[Data excerpts]
*** Begin section ***

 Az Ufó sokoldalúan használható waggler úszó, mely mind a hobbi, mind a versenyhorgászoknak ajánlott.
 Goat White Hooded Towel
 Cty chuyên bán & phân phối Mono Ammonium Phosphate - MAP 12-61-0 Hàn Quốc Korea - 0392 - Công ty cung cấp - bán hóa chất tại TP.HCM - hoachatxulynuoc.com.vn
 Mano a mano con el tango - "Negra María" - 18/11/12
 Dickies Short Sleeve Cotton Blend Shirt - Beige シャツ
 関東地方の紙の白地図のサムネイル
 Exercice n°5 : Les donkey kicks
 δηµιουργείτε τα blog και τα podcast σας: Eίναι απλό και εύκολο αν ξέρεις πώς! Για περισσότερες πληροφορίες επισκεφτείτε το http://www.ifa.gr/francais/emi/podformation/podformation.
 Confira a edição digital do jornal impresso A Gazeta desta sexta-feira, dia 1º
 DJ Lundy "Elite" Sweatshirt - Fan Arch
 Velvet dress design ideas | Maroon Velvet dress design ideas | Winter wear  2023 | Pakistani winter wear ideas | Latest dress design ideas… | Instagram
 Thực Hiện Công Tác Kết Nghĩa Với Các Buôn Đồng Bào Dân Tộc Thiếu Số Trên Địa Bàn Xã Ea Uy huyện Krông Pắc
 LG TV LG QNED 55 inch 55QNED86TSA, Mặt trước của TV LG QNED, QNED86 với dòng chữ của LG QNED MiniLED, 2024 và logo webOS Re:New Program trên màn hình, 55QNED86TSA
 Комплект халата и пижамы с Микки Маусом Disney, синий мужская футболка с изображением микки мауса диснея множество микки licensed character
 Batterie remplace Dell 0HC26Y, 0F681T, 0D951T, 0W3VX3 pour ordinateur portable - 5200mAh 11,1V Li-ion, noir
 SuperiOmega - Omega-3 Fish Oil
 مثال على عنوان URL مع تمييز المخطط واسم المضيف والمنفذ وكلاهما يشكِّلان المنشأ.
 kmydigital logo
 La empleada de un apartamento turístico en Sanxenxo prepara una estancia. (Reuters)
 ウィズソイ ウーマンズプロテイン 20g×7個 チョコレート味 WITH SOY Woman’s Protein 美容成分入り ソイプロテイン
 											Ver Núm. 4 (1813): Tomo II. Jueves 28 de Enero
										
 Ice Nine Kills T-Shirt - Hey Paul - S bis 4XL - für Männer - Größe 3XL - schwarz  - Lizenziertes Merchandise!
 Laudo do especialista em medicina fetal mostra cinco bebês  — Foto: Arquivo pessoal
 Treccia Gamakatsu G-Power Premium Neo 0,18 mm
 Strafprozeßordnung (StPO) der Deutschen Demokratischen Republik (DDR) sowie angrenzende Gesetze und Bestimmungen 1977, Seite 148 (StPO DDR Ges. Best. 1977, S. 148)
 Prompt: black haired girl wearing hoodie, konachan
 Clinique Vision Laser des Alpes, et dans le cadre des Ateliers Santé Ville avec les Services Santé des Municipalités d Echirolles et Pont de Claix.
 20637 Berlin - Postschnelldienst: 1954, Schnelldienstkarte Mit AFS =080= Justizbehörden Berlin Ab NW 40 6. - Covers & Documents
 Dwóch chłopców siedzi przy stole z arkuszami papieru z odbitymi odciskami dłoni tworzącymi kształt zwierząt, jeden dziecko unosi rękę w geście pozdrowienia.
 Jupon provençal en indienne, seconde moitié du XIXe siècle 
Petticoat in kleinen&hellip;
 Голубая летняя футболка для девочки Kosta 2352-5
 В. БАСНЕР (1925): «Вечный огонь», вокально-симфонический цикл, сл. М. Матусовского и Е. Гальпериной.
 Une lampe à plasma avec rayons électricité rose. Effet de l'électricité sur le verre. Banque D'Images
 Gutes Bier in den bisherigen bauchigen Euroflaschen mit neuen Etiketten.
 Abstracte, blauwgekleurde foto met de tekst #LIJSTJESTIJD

*** End section ***

A bare number is expected: how many lines above contain the word "avec"?

[REPLY TO THE EXERCISE] 2